Federico & Luigi Ricci
Crispino e la Comare – Opera in four Acts to a libretto by Francesco Maria Piave, based on Salvatore Fabbrichesi’s comedy, Il medico et la morte [sung in Italian with English supertitles]
Crispino – Mattia Venni
Annetta – Teresa Castillo
La Comare – Liz Culpepper
Fabrizio – Dorian McCall
Contino del Fiore – Toby Bradford
Mirabolano – Vincent Graña
Don Asdrubale di Caparotta – Scott Hetz Clark
Bortolo – Jeremy Luis Lopez
Lisetta – Abigail Lysinger
Teatro Nuovo Chorus & Orchestra
Reviewed by: Susan Stempleski
Reviewed: 20 July, 2023
Venue: Rose Theater, Jazz at Lincoln Center, New York City
Dating from 1850, Crispino e la Comare (Crispino and the Fairy), a whimsical satire and the final opera composed by the Ricci brothers, soon became wildly popular in Italy and was also appreciated in numerous places worldwide. Though rarely staged in the twentieth-century, the short-lived (1906-1910) Manhattan Opera Company presented the work in 1909 and the Metropolitan Opera mounted four performances in 1919. More recently it was staged at the 2013 Festival della Valle d’Itria in Martina Franca, Italy.
A traditional opera buffa with a delicate dose of angst, its story centers on Crispino, an illiterate Venetian cobbler drowning in debt who, with the help of a Fairy Godmother, becomes a rich physician. When he becomes too full of himself and calls the fairy a witch, she drags him down to the underworld to witness his own funeral. Chastened and mindful that his wealth has led him astray, he is allowed to return to the world above, and all ends in celebration.
Maestro al cembalo Jonathan Brandini effectively conducts the period-instrument orchestra from the keyboard (as was the convention in Italy during the composers’ time) but lets the bass and cello lead the continuo employed in the recitatives. Though not as brilliant as their modern counterparts, the wooden flutes and bassoons, earthy cellos, translucent strings, and wide-ranging clarinets provide remarkable transparency and rhythmic punch.
Teatro Nuovo’s semi-staged production makes ingenious use of projections of original designs by Adam Thompson based on surviving photographs of the sets by Pieretto Bianco for the 1919 Metropolitan Opera production of Crispino e la Comare as backdrops. Along with simple modern-day costumes and minimal props (a chair here, a table there), they enhance the theatrical context without detracting from the music.

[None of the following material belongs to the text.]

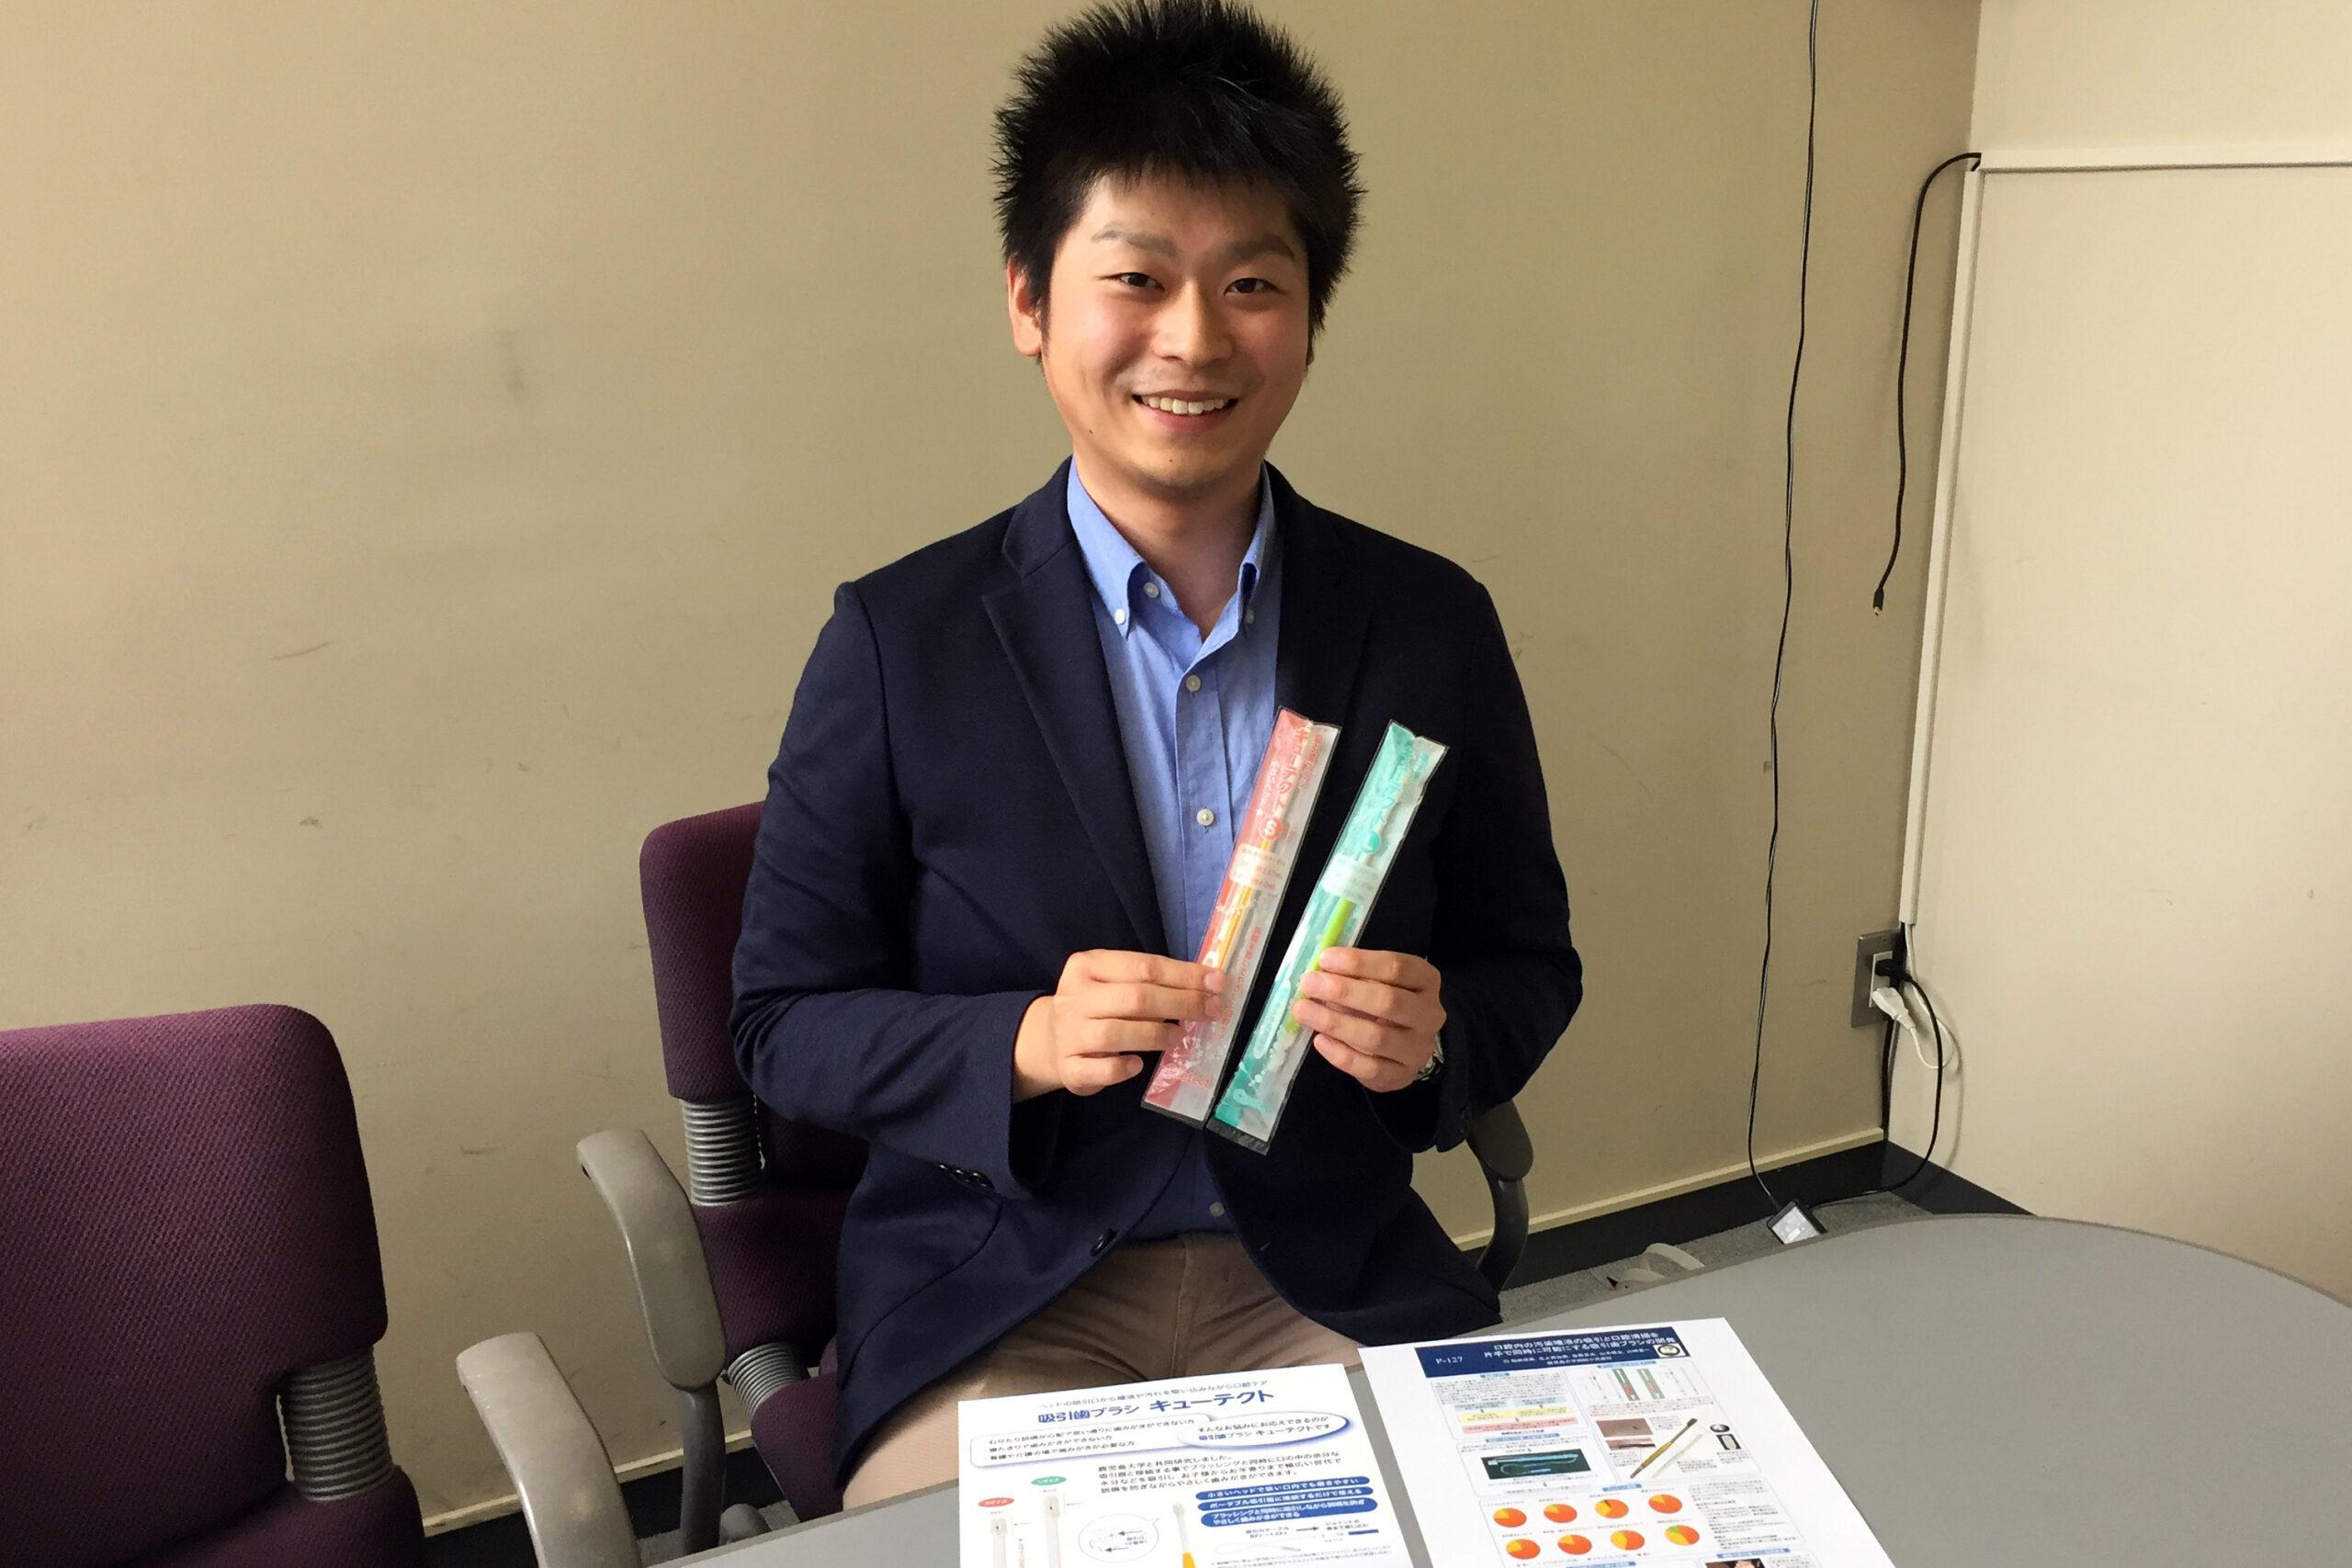 【卒業生リレー・エッセイ43】~障がい者のための吸引歯ブラシを開発した小池航さん~
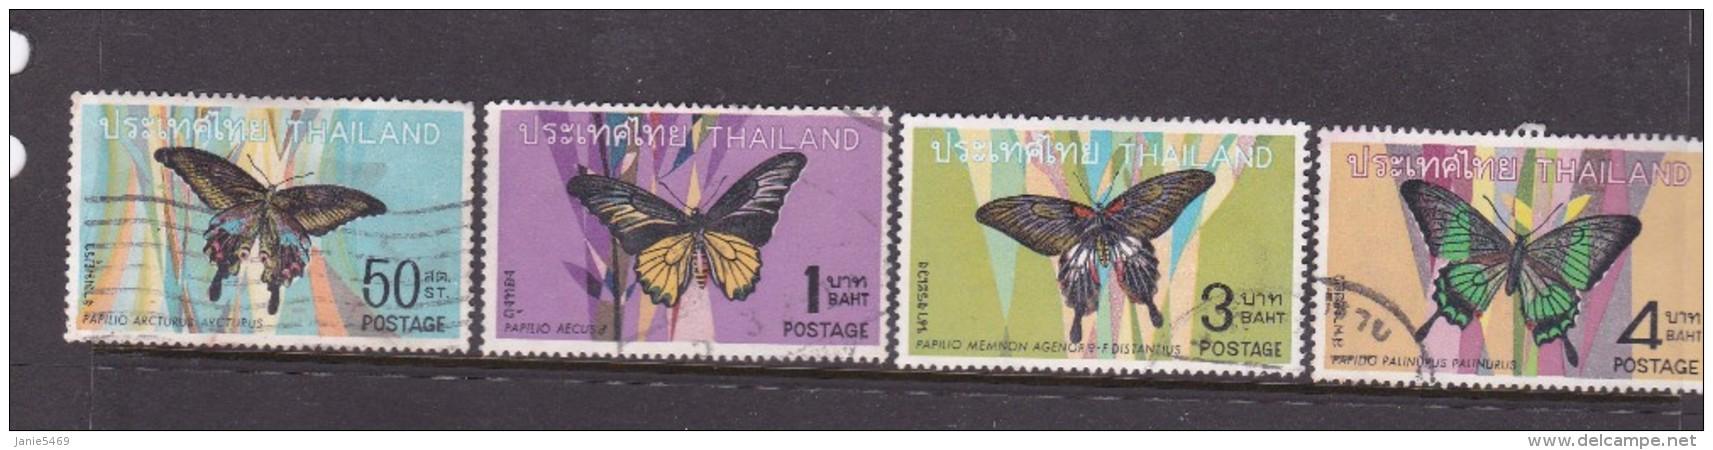 Thailand SG 602-605 1968 Thai Butterrflies Used Set - Thaïlande

Teatro Nuovo has assembled a fine cast, and all the singers share a similar style – a clean and colorful sound with a rapid, understated vibrato and a stress on legato, portamento, and unaspirated coloratura. Heading the list is Mattia Venni. With his attractive baritone, he sweeps the scale for self-mimicry; one could not hope for a better Crispino. Another scene stealer is Liz Culpepper as the Fairy Godmother. With her rich mezzo, and wry comic style, she makes a particularly striking stage presence. But it is Teresa Castillo, wonderfully animated and flirtatious as the carpenter’s wife, Annetta, who gets the best music. The finest of her coloratura showpieces is her fluidly delivered Act Two ‘Io non sono più l’Annetta’ (a favorite encore of Joan Sutherland), in which she contemplates her husband’s newly found wealth. As was the custom for divas in comic operas of late 1830s to 1890s, she sings an inserted waltz as a cabaletta finale; in this case an especially vibrant rendition of Luigi Venzano’s ‘Grande Valzer’ (a favorite choice of Luisa Tretrazzini who debuted as Annetta in Buenos Aires in the early 1890s).
The other roles are also well cast. As the lover-boy, Contino di Fiore, Toby Bradford’s clear, strong tenor is appropriately ardent in his Act One ‘Bella sicomme un angelo’. Dorian McCall and Vincent Graña are the perfect cutups as Crispino’s rivals, the snobbish and greedy Venetian doctors, Fabrizio and Miabolano. Studio artists Jeremy Luis Lopez as the stonemason and Abigail Lysinger as the count’s object of affection, Lysette, make important contributions, as does Scott Hetz Clark as the astoundingly titled Don Asdrubale di Caparotte, Crispino’s miserly Sicilian landlord,
The opera’s charming score stresses lilting melodies over spare but adequate accompaniments, all delivered with subdued, revelatory style. Performed by an orchestra and singers with exceptional vocal and comedic skills, this historically informed production of an opera buffa rarity offers manifold pleasures.